If your scripts parse kubectl output, run tests before upgrading. Most scripts will be fine, but edge cases are real. You can temporarily switch back:
export KUBECTL_KYAML=false
I ran our CI pipeline with KYAML enabled and found two breakages:
- A script expecting bare
yesandnoin ConfigMaps now receives quoted values, which broke a string comparison. - Some multi-line strings are rendered in a slightly different flow style.
Both fixes were small, but this is exactly the kind of issue that’s annoying to debug under production pressure.
DRA Keeps Improving
Dynamic Resource Allocation is not new in 1.35, but it keeps getting better. Device claims are more predictable now, and scheduling hints seem to line up better with gang scheduling.

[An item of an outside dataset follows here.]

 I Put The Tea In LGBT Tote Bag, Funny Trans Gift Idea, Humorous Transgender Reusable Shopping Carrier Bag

For our GPU workloads, DRA claim resolution feels faster. On 1.34 we sometimes saw delays of 10 to 15 seconds between pod scheduling and GPU allocation. On 1.35, it’s usually under three seconds. I have not dug into whether that comes from a specific fix or just scheduler improvements stacking up.
What I Changed in Our Clusters
After testing, this is what I’m rolling out:
- Enable gang scheduling in staging for distributed training jobs, then run it for a month before deciding on production.

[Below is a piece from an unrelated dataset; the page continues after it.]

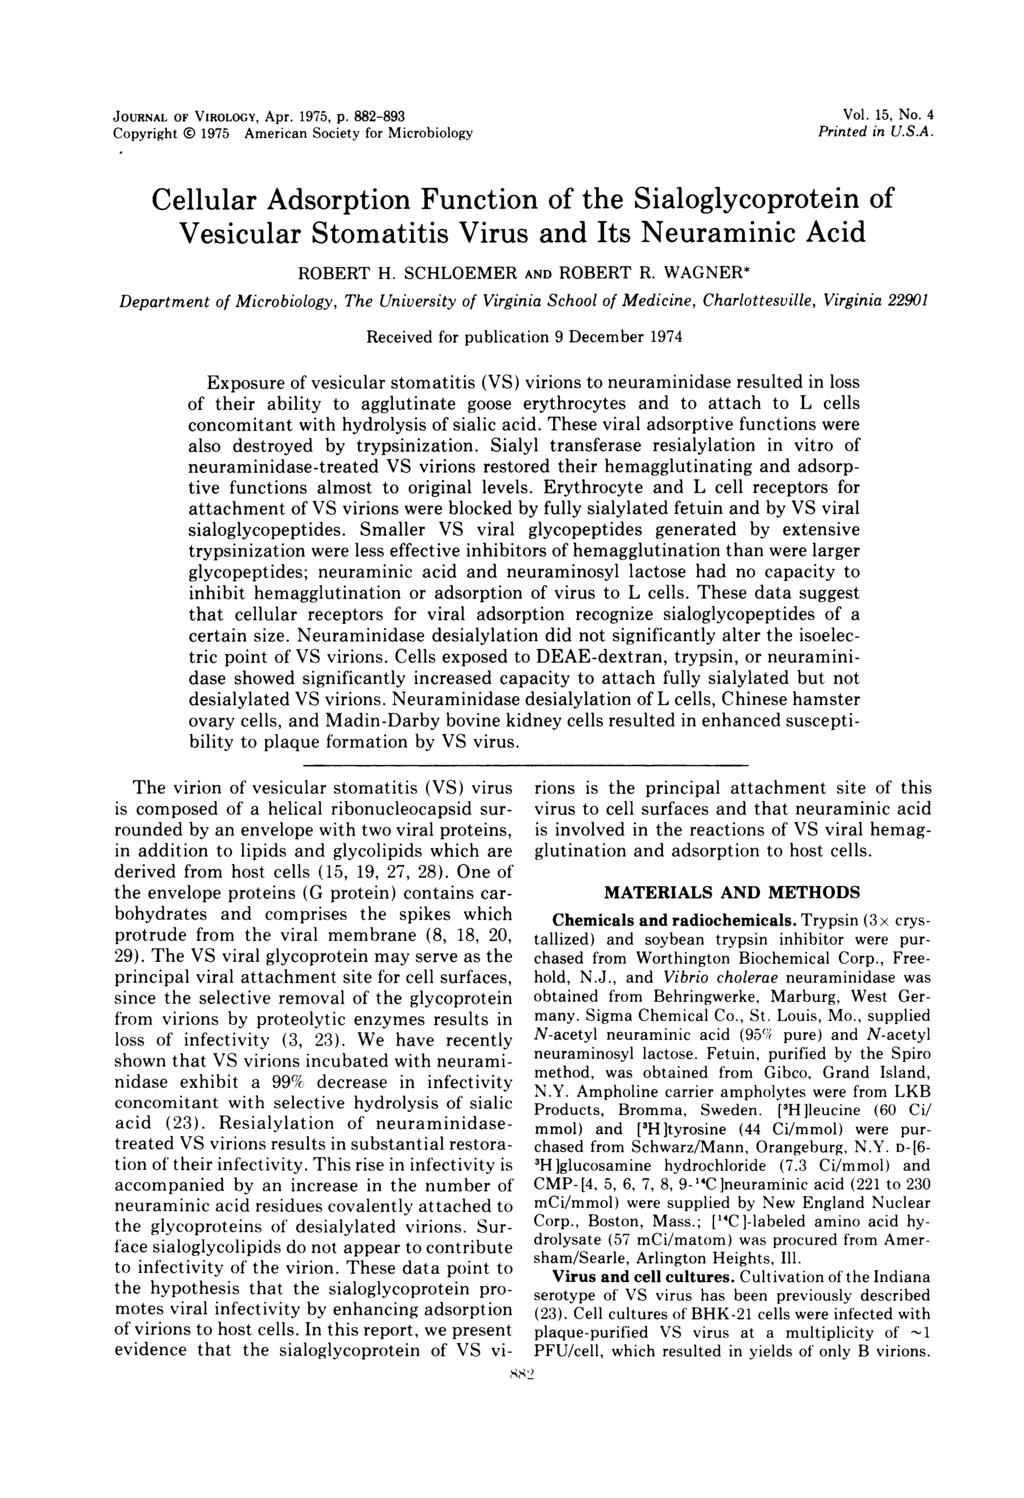 JOURNAL OF VIROLOGY, Apr. 1975, p. 882-893 Copyright ( 1975 American Society for Microbiology Vol. 15, No. 4 Printed in U.S.A. Cellular Adsorption Function of the Sialoglycoprotein of Vesicular Stomatitis Virus and Its Neuraminic Acid ROBERT H.

- Move inference pods to in-place resize instead of deleting and recreating pods with new resource requests.
- Update CI scripts for KYAML compatibility before production upgrades.
- Keep DRA config as is, but keep watching allocation latency.
The Bigger Picture
Kubernetes is clearly becoming the default operations layer for AI infrastructure. Gang scheduling, in-place resize, and DRA together make serious ML workloads much more practical without adding extra schedulers.

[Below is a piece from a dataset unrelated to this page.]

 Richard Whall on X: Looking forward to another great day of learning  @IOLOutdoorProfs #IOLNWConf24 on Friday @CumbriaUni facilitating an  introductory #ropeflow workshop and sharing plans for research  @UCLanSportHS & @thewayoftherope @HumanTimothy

A year ago I would’ve said, “Use Slurm” for multi-node GPU training and move on. Now it’s not that simple. For common cases, Kubernetes 1.35 is good enough that running one platform for everything starts to win.
Gang scheduling being alpha is still the main caveat. For inference-heavy clusters, though, stable in-place resize alone is a strong reason to upgrade.
If you’re planning a rollout, start by validating CI/CD scripts against KYAML. That’s where quiet breakage tends to hide. The new scheduling features are opt-in, so they will not surprise you.